# Oh dear!



## harrysin (Jan 15, 2007)

I placed what I thought was a Jarrah block into the lathe to make a third Jarrah bud vase but as soon as the surface was cleaned up it became obvious that it was in fact Sheoak. As Sheoak is a beautiful wood and clean to turn, compared to the red dust produced by Jarrah which gets into everything, I decided to carry on regardless.
The height is 4 1/4" and 1 1/2" at the widest point.


----------



## BernieW (Sep 12, 2006)

No matter Harry it is a beauty. I really like the line embellishment. Harry I think ya got it.

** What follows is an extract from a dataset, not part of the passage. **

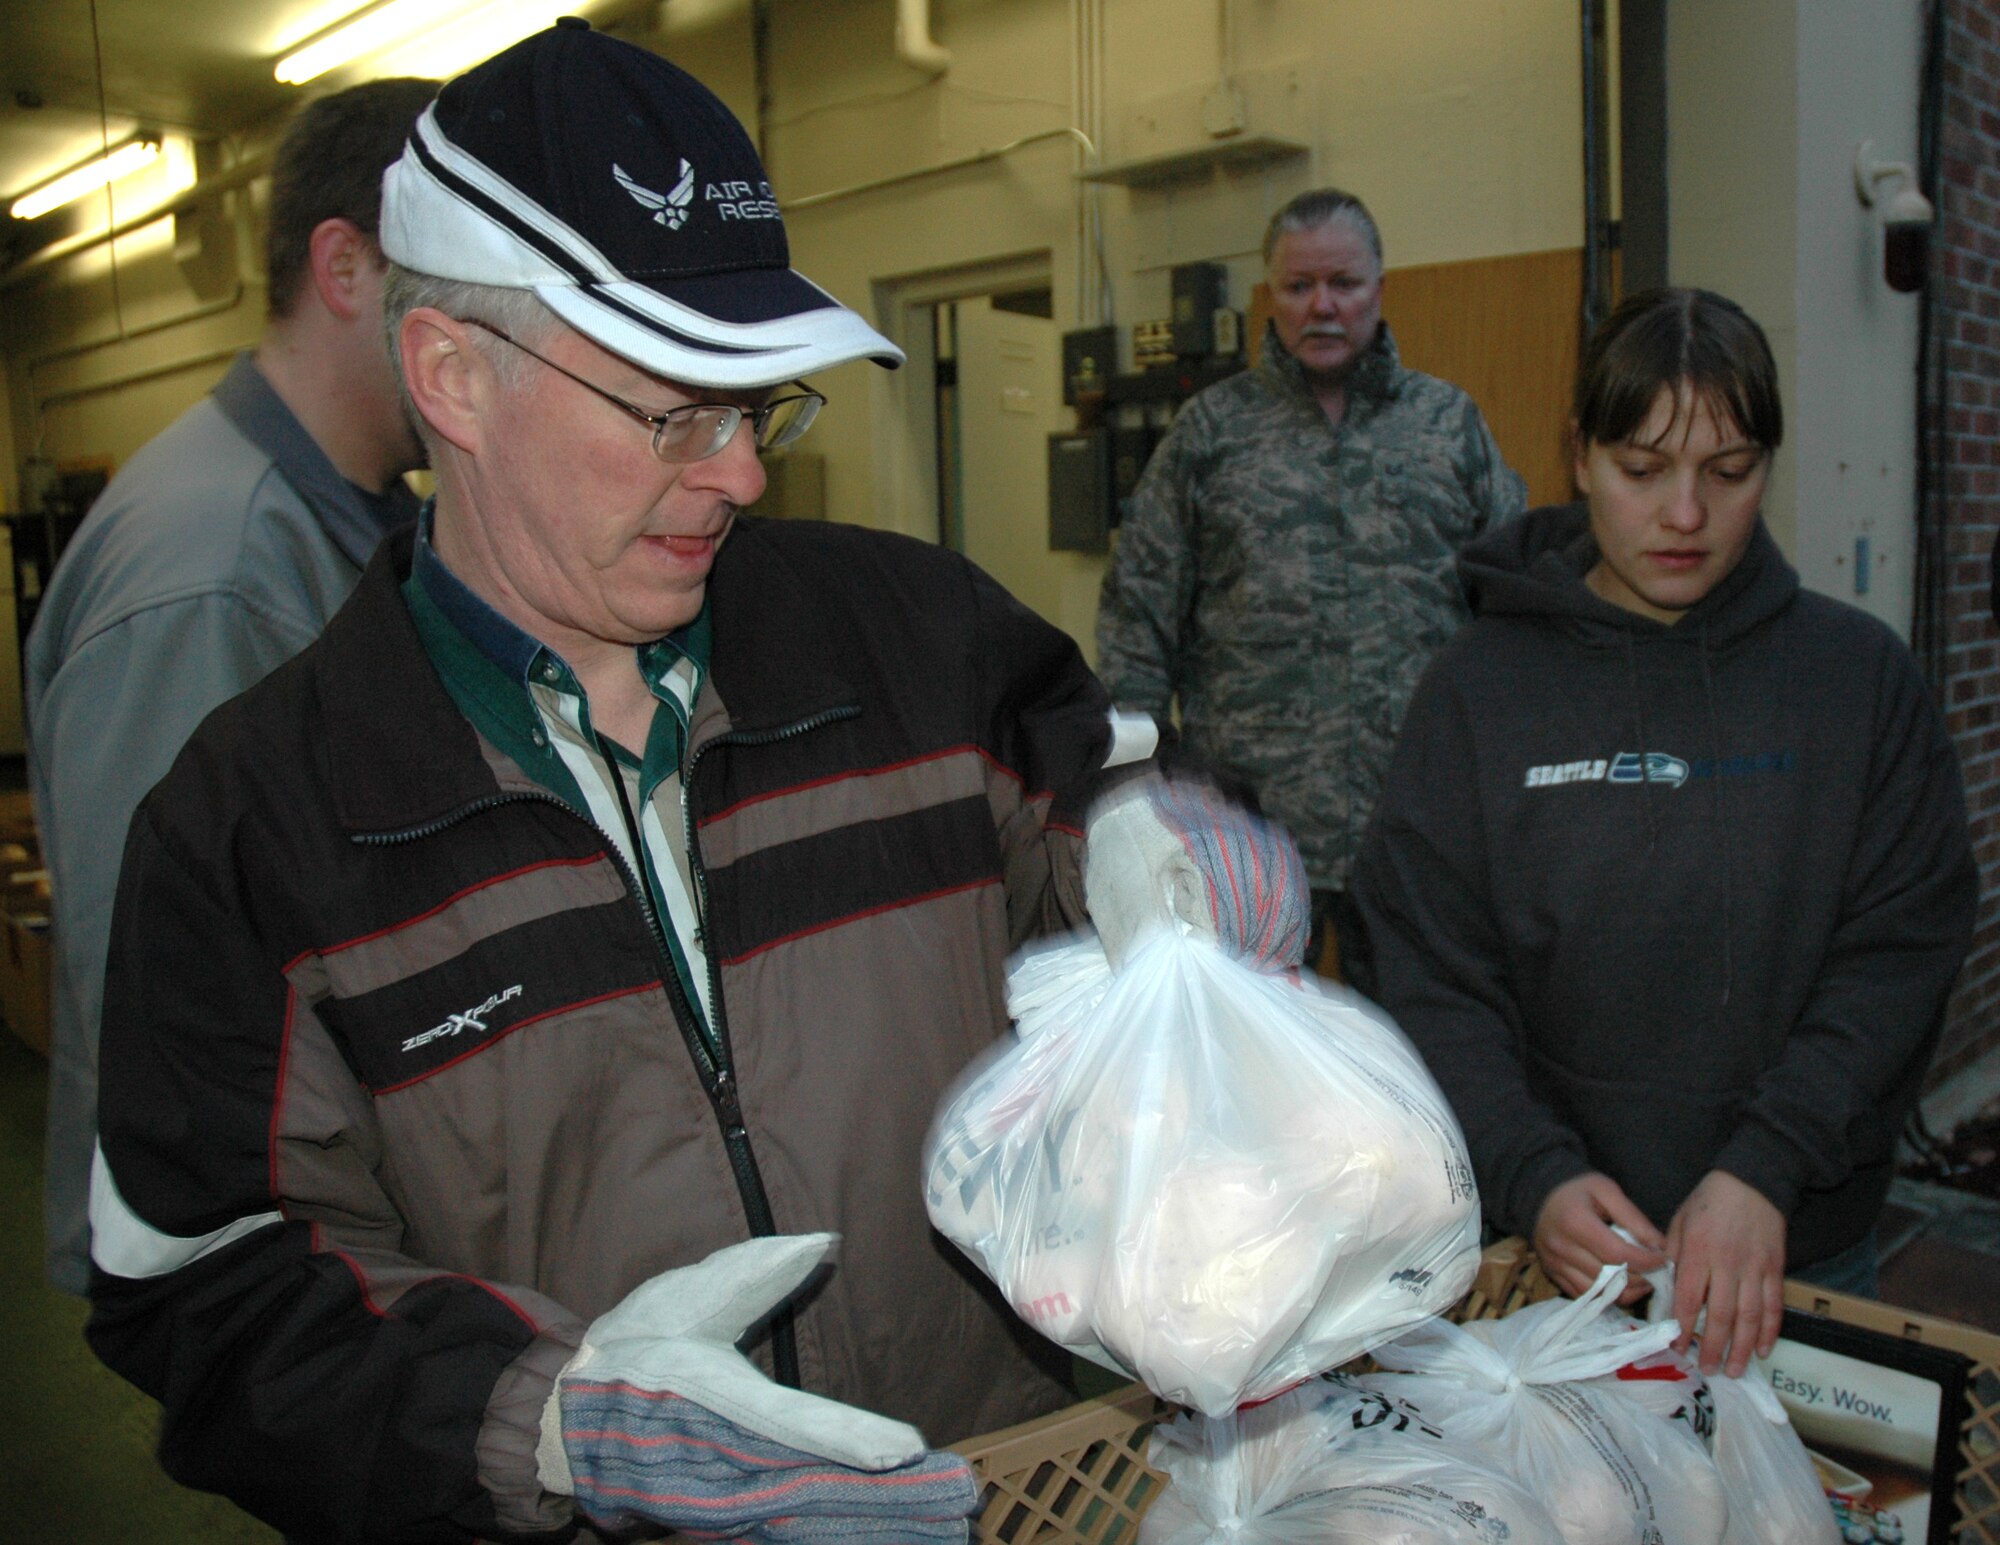 TACOMA, Wash.- 446th Mission Support Squadron Airman and Family Readiness Center, McChord Air Force Base, Wash. director, Carl Supplee, left, helps load bags of potatoes along with, Tech. Sgt. Rick Martini, center, 446th MSS Airman and Family Readiness assistant, and Tami Klube, a firefighter with Central Pierce County Fire and Rescue here on to a truck. The potatoes, along with, milk, ham, and boxes of non-perishable goods were collected by CPFR and given to the Airman and Family Readiness Center to be distributed to needy Reserve families at McChord AFB. The Airman and Family Readiness Center has been working with CPFR for about the last five years to help give families in need some extra food for the holidays. (U.S. Air Force photo/Master Sgt. Jake Chappelle)

Well done.


----------



## papawd (Jan 5, 2011)

Beautiful work, love picture #9 really shows the grain and I like it


----------



## vikingcraftsman (Mar 31, 2006)

I was just about to complain I had not seen a new vase in 24 hours. But you saved youself Harry. And I love this one also. I am still waiting on my purple hart, for my next project. Most of the hard ware has been delivered.


----------



## jw2170 (Jan 24, 2008)

great job, Harry


----------



## dutchman 46 (May 23, 2007)

Harry: No mater the oak, It's nice!


----------



## harrysin (Jan 15, 2007)

BernieW said:


> No matter Harry it is a beauty. I really like the line embellishment. Harry I think ya got it. Well done.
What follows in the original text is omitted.